● **What is needed**
Set down, unchanged, the line holding "Statue de William" and all lines that follow it to the end of the material, leaving pictures out.

═════ Collected data

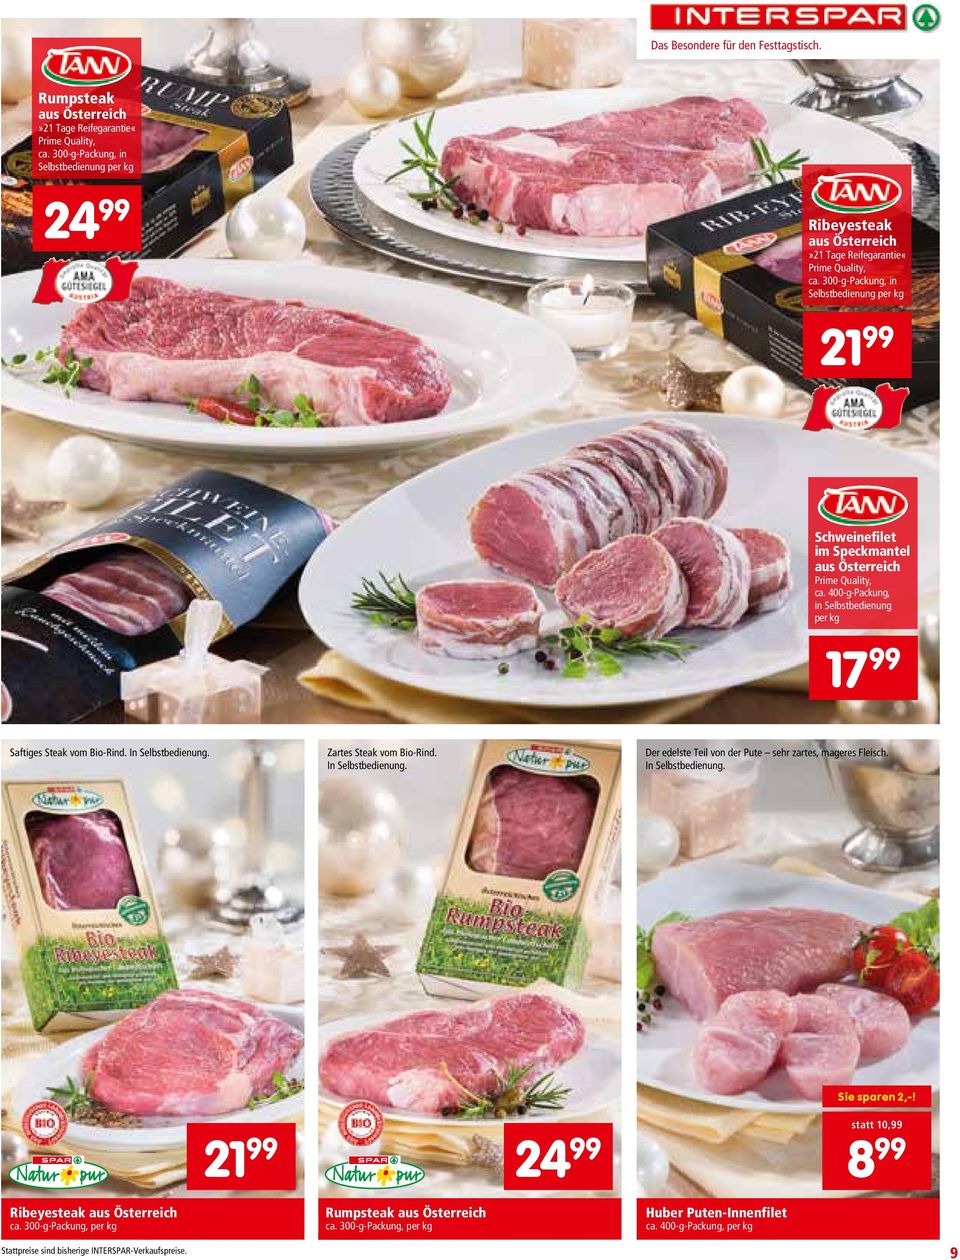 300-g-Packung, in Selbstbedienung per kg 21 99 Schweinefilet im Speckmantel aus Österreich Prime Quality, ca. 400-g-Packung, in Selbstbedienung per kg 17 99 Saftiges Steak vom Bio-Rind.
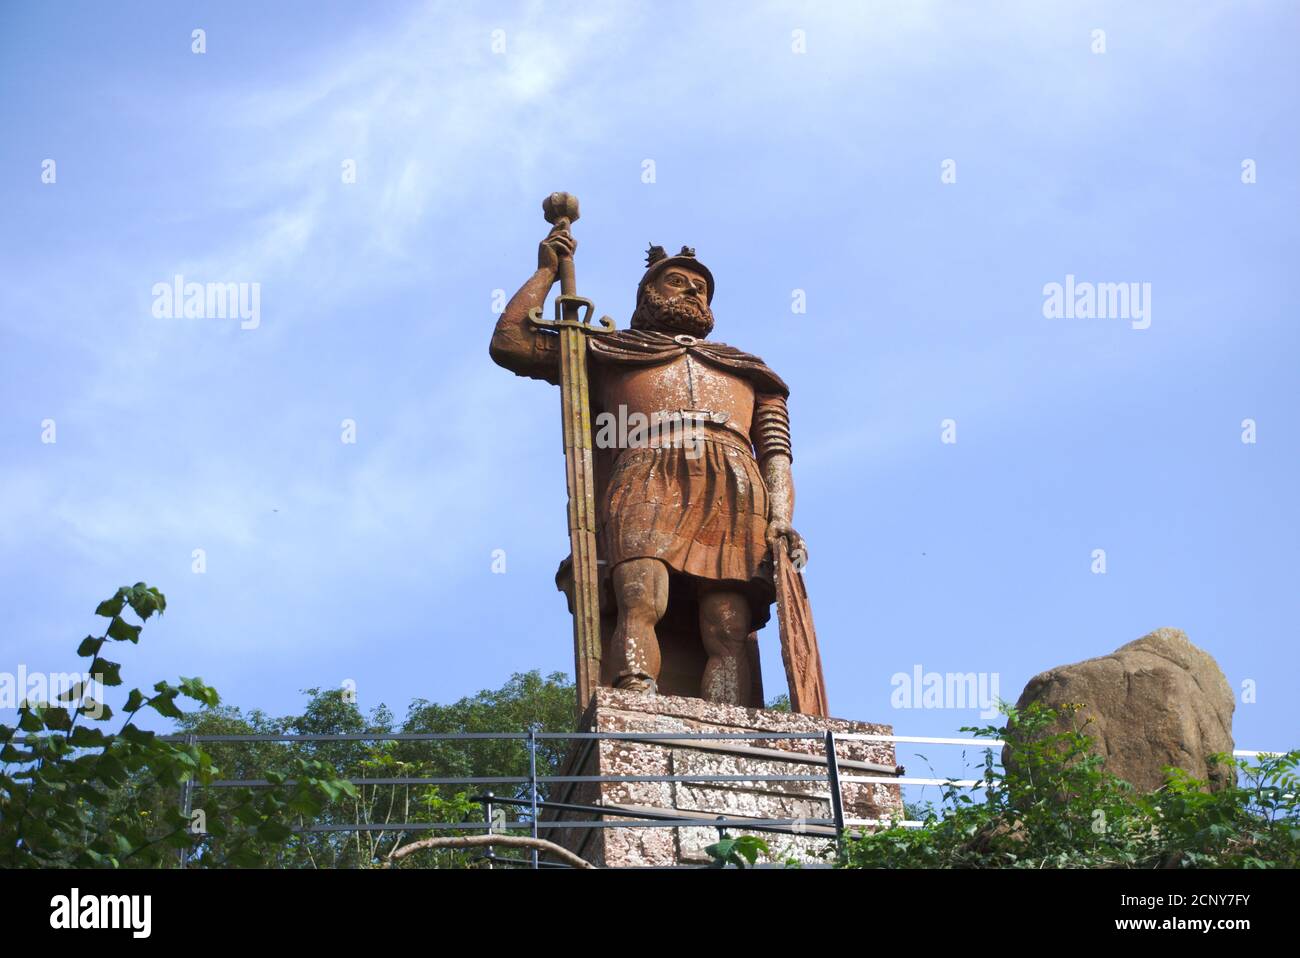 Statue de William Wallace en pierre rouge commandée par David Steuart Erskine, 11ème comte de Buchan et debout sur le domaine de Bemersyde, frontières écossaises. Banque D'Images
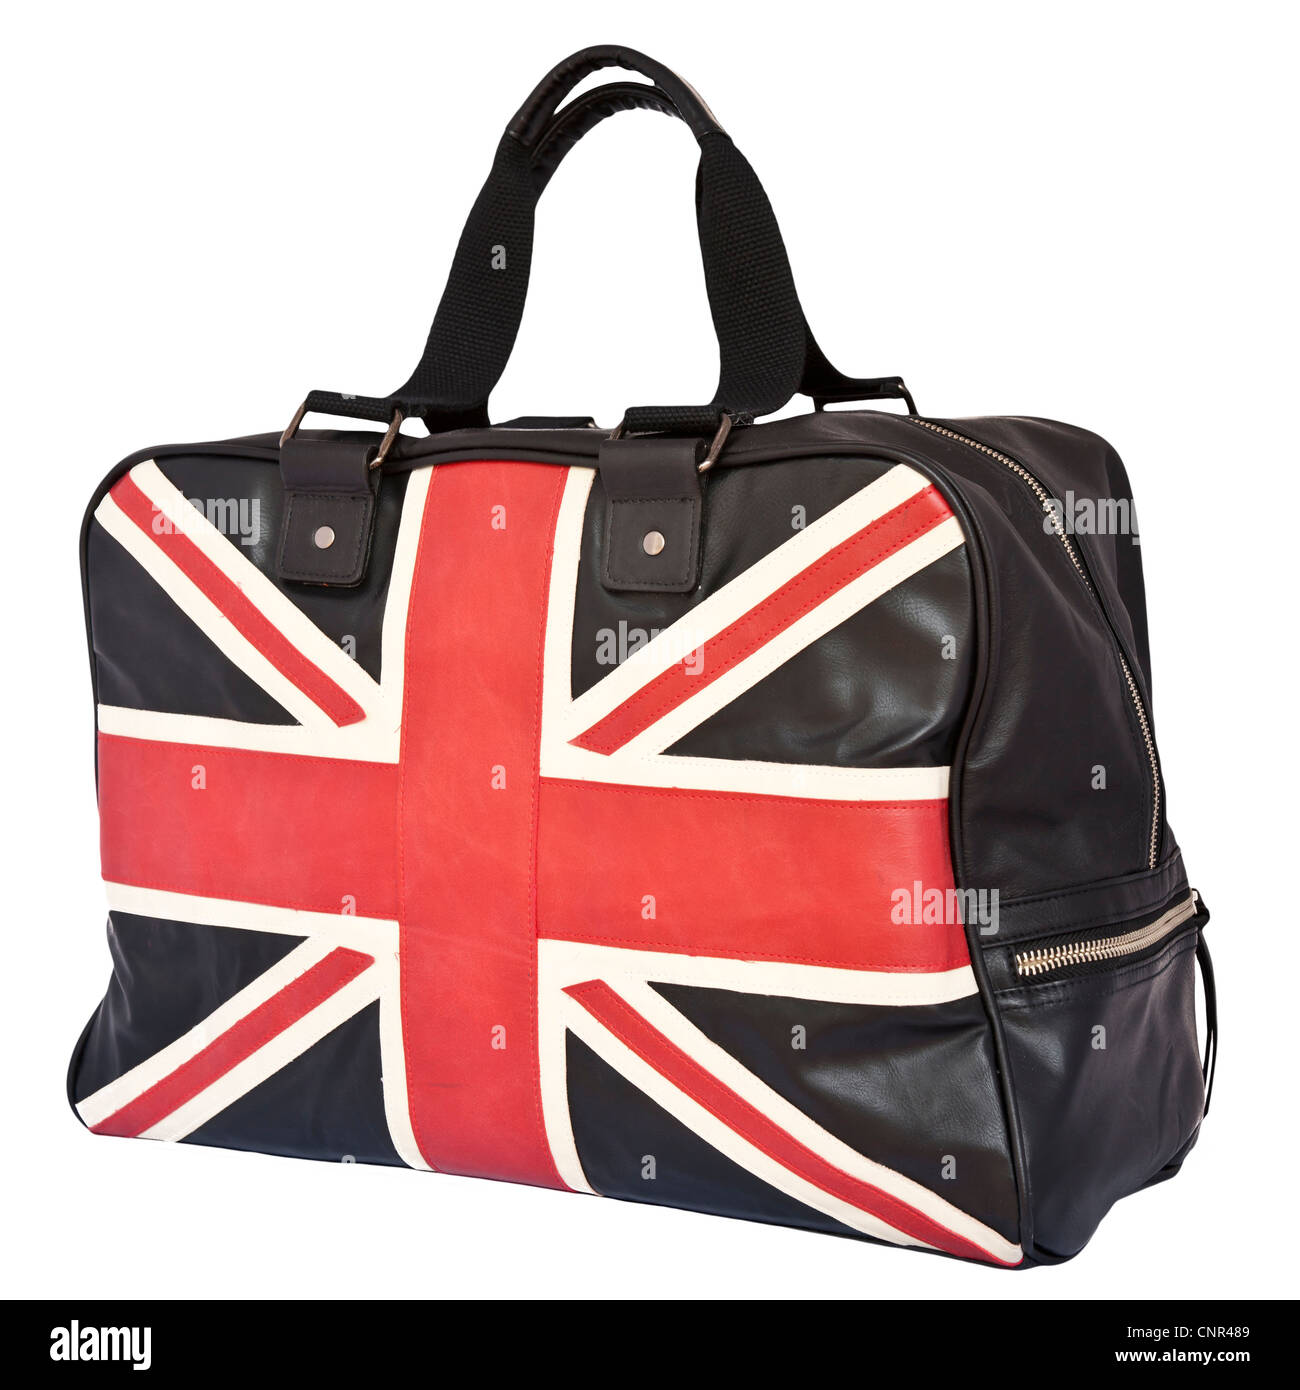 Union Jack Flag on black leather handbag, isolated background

══════════

● **Task output**
 Statue de William Wallace en pierre rouge commandée par David Steuart Erskine, 11ème comte de Buchan et debout sur le domaine de Bemersyde, frontières écossaises. Banque D'Images
 Union Jack Flag on black leather handbag, isolated background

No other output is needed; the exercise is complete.